With the images removed, return every line below exactly as it reads.
---- MATERIAL PROVIDED
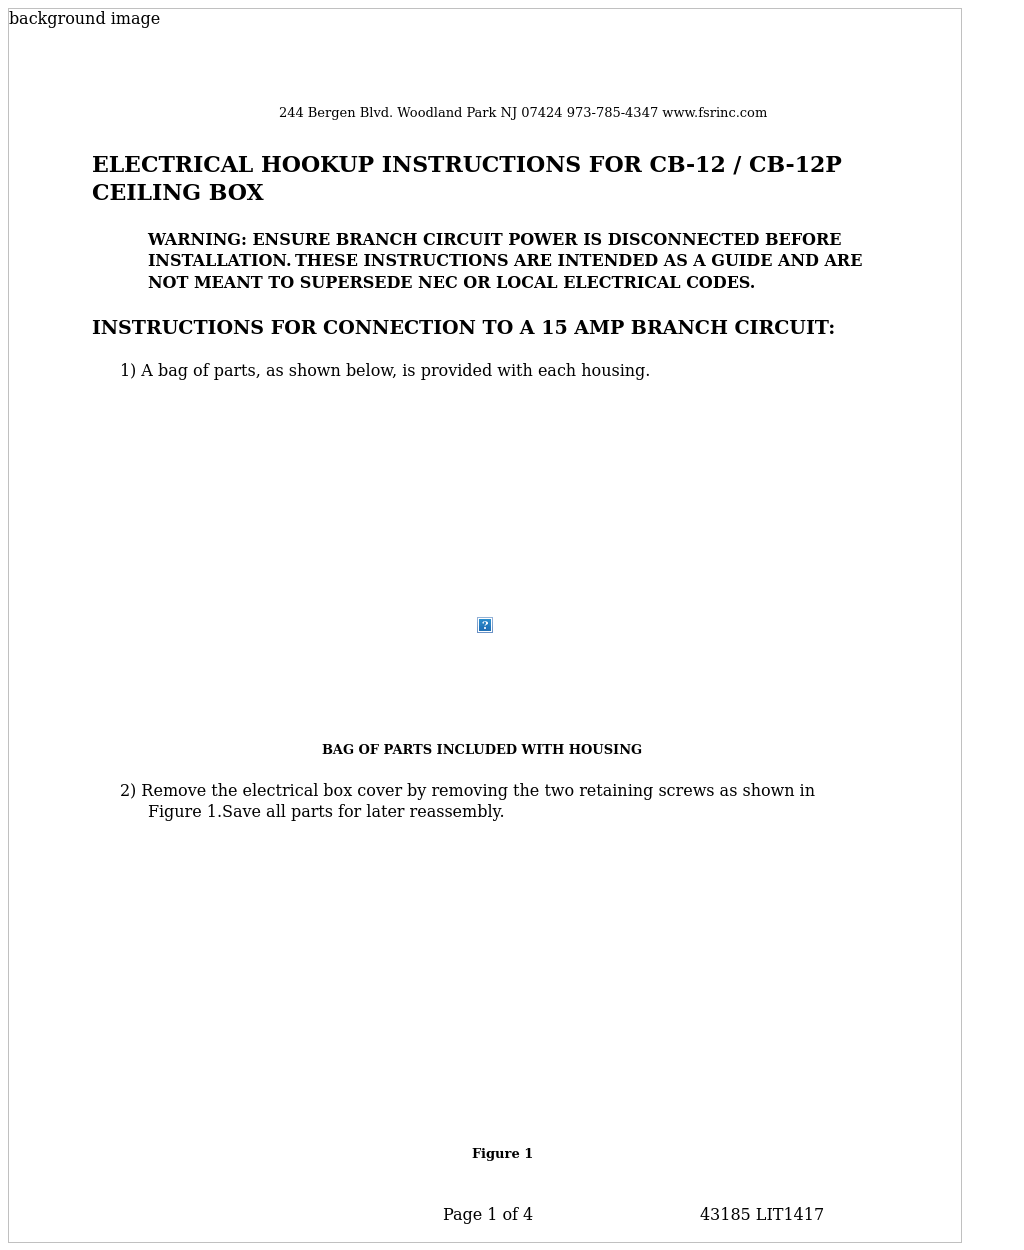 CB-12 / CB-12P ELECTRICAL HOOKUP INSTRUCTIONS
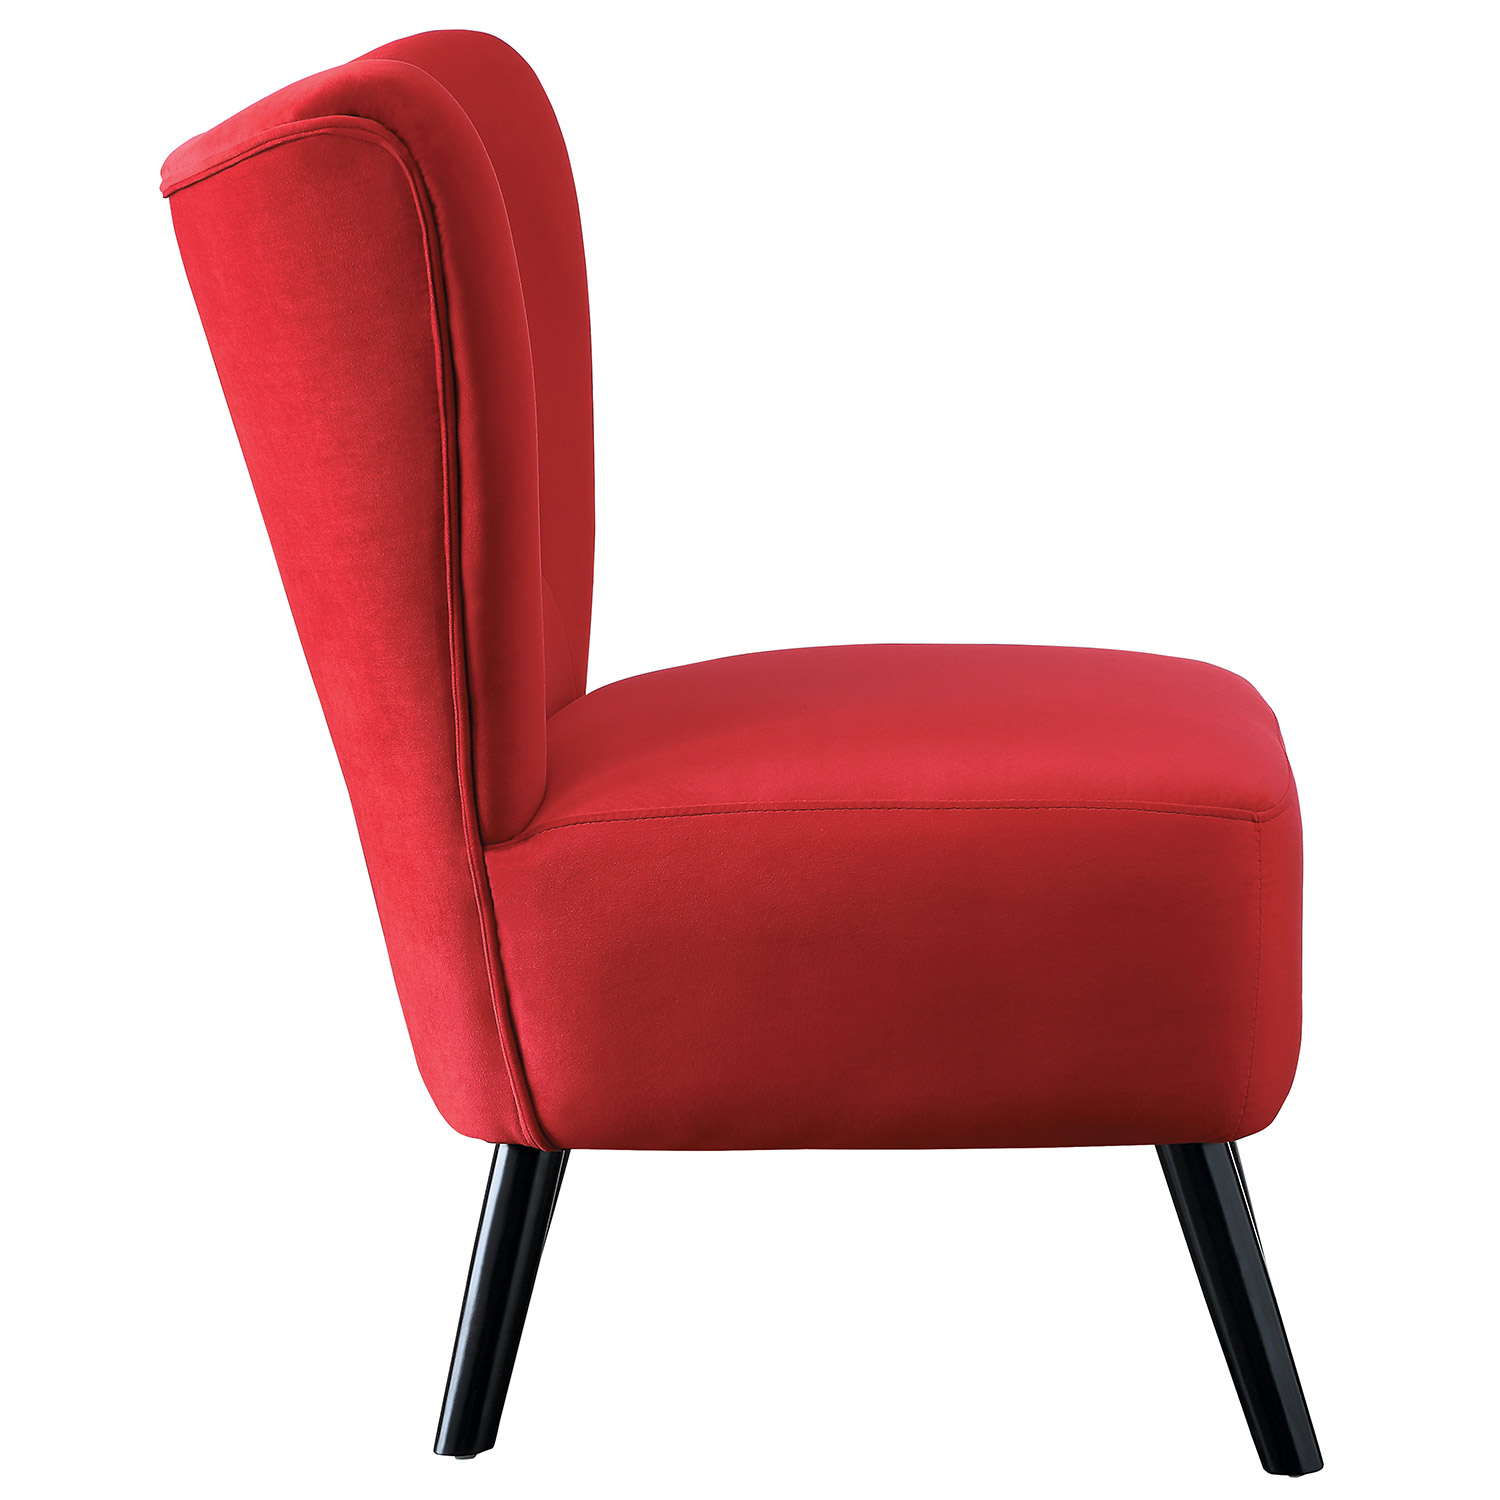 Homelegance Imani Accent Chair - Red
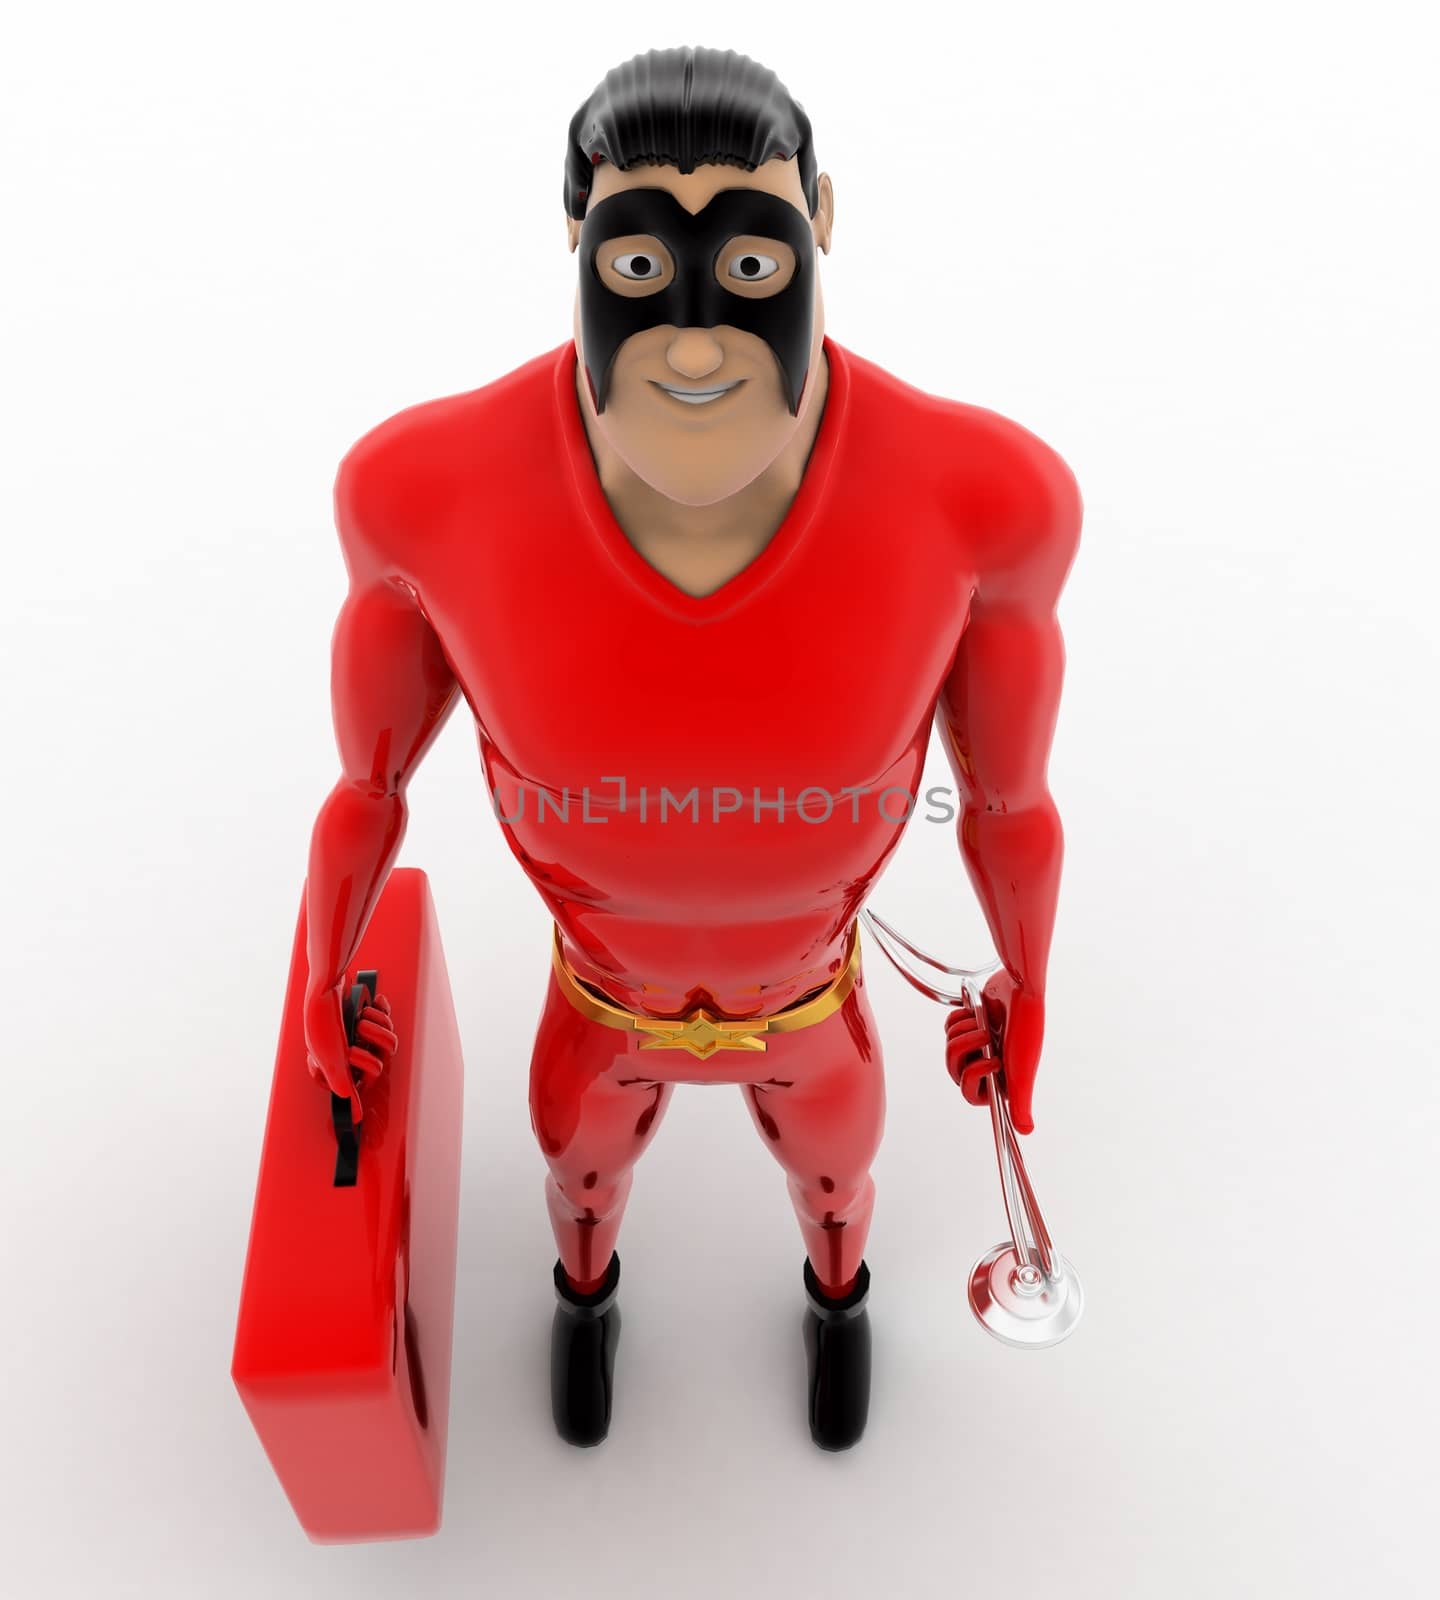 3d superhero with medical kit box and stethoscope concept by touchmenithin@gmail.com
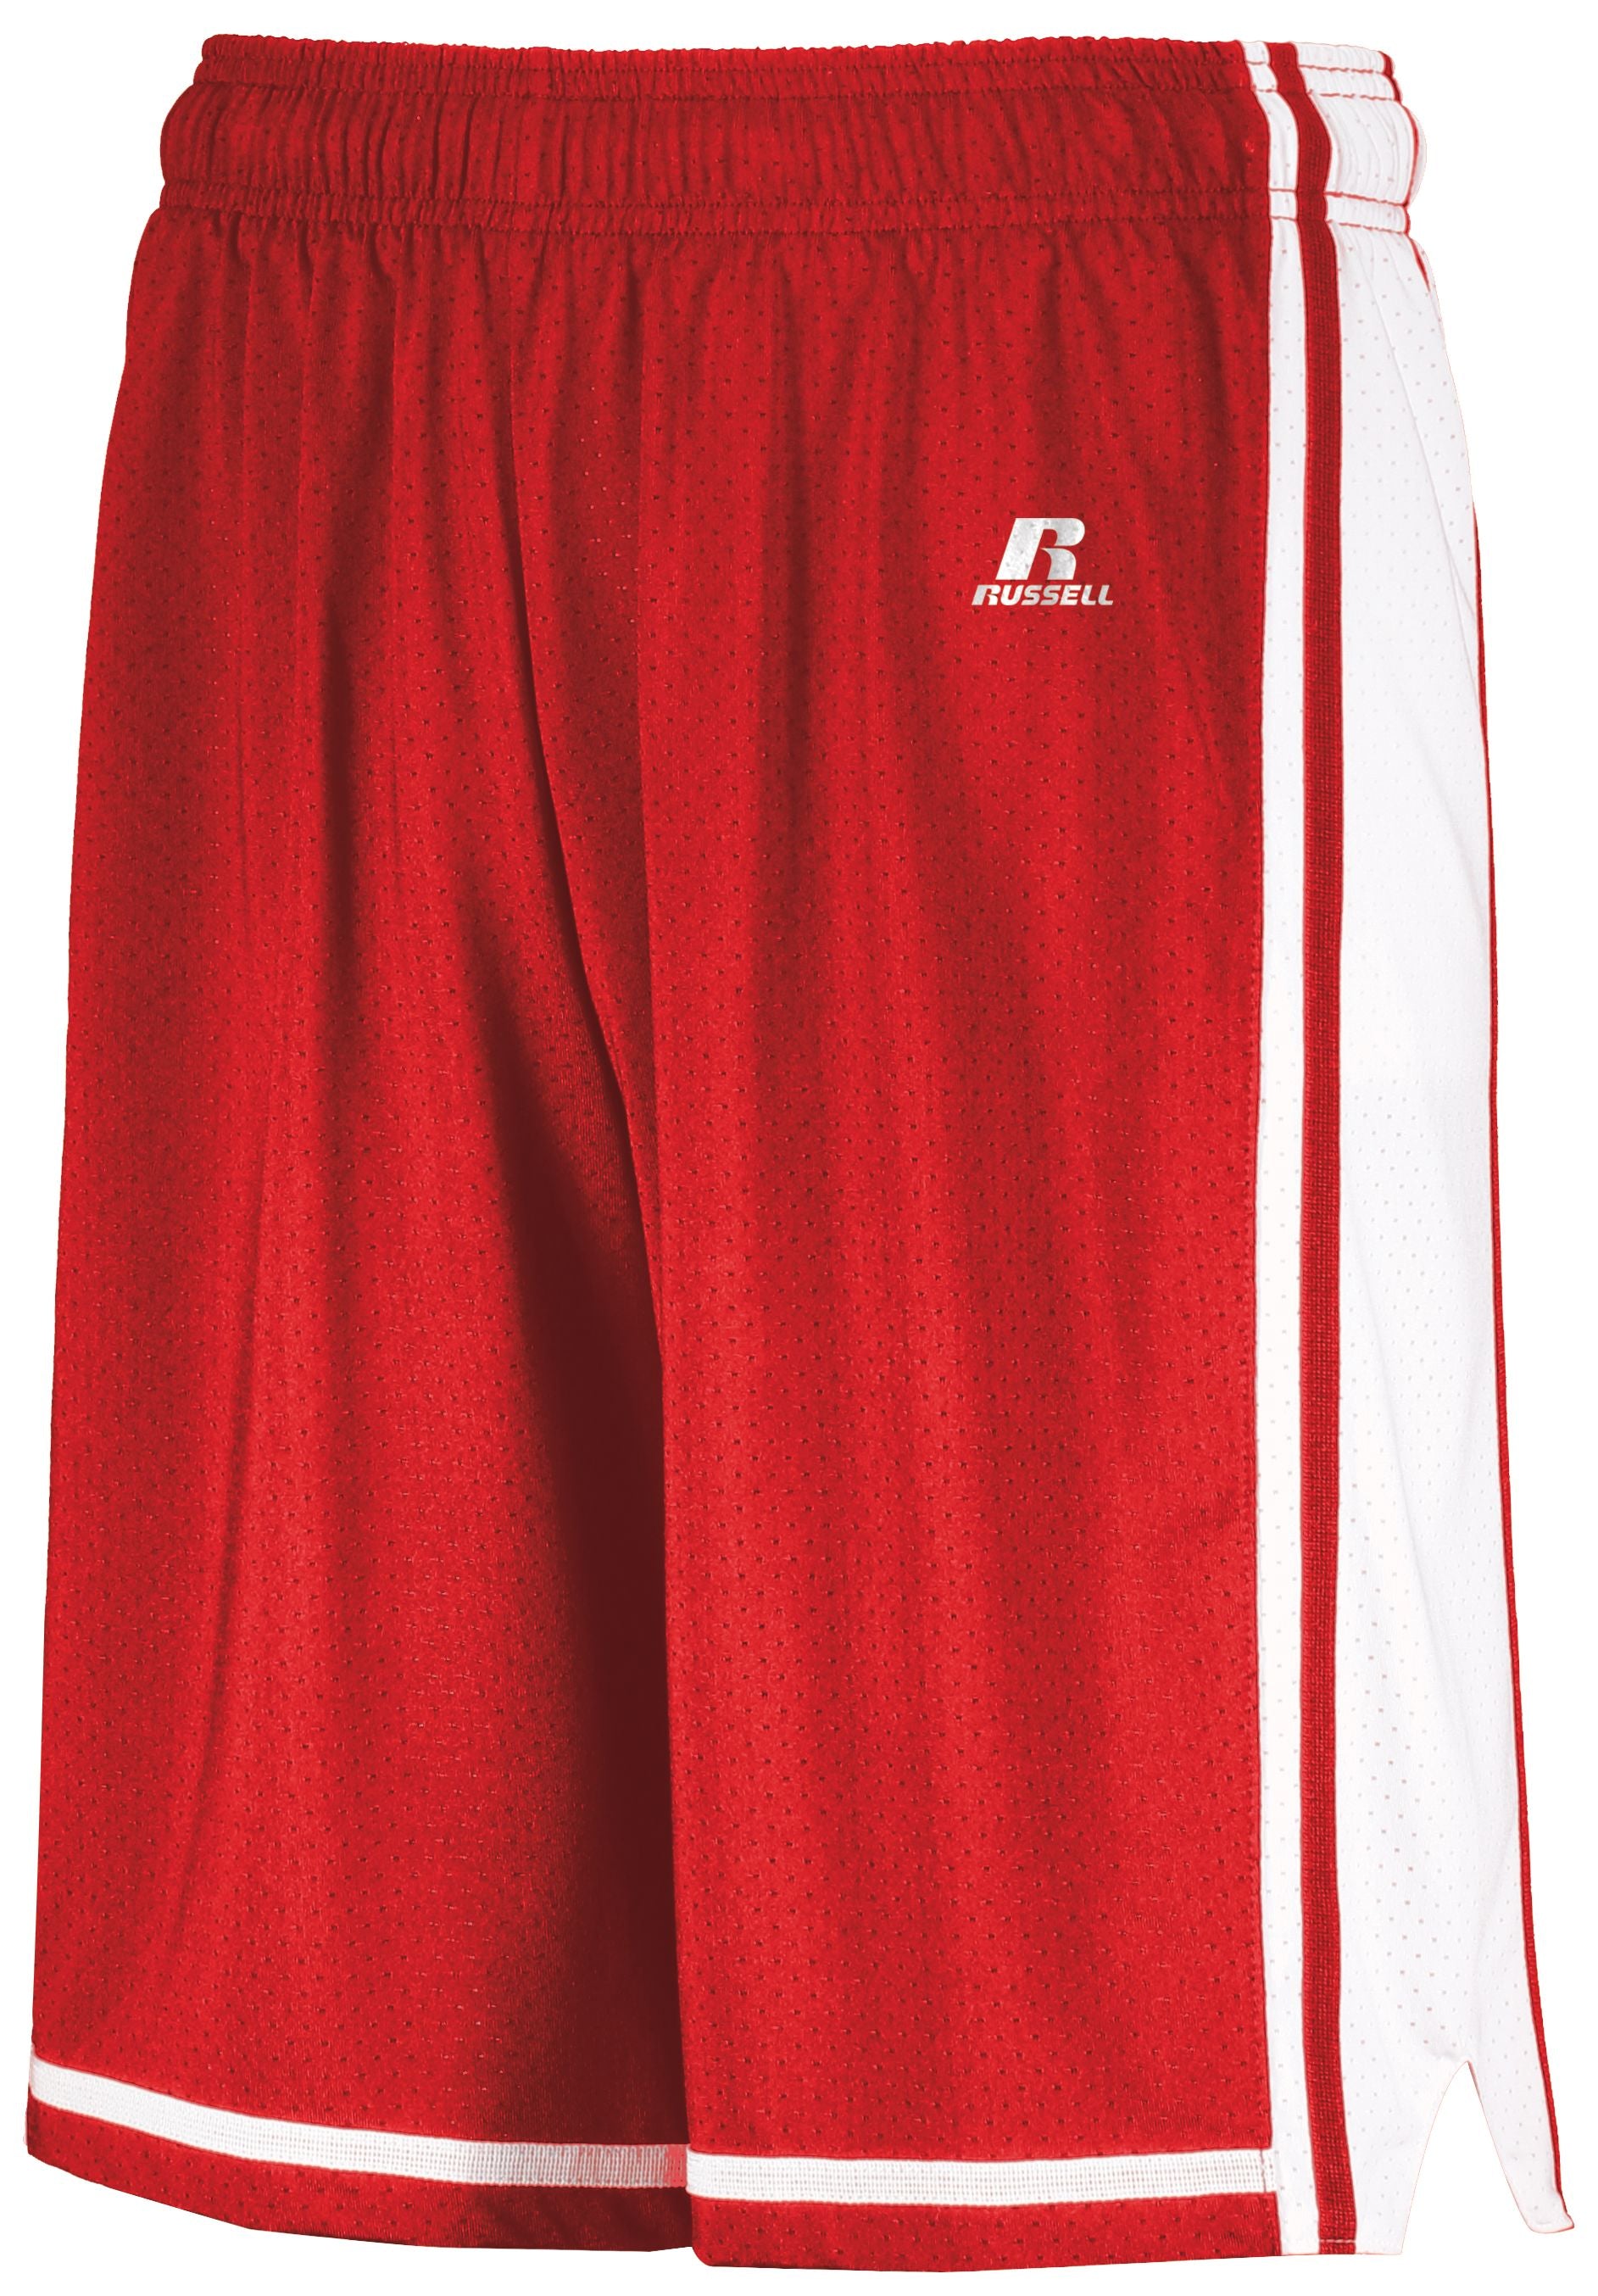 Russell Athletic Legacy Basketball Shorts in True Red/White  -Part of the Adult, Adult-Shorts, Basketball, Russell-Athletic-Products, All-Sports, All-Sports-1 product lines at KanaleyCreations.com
--------
* WRITTEN RESPONSE *
 CB-12 / CB-12P ELECTRICAL HOOKUP INSTRUCTIONS
 Homelegance Imani Accent Chair - Red
 3d superhero with medical kit box and stethoscope concept by touchmenithin@gmail.com
 Russell Athletic Legacy Basketball Shorts in True Red/White  -Part of the Adult, Adult-Shorts, Basketball, Russell-Athletic-Products, All-Sports, All-Sports-1 product lines at KanaleyCreations.com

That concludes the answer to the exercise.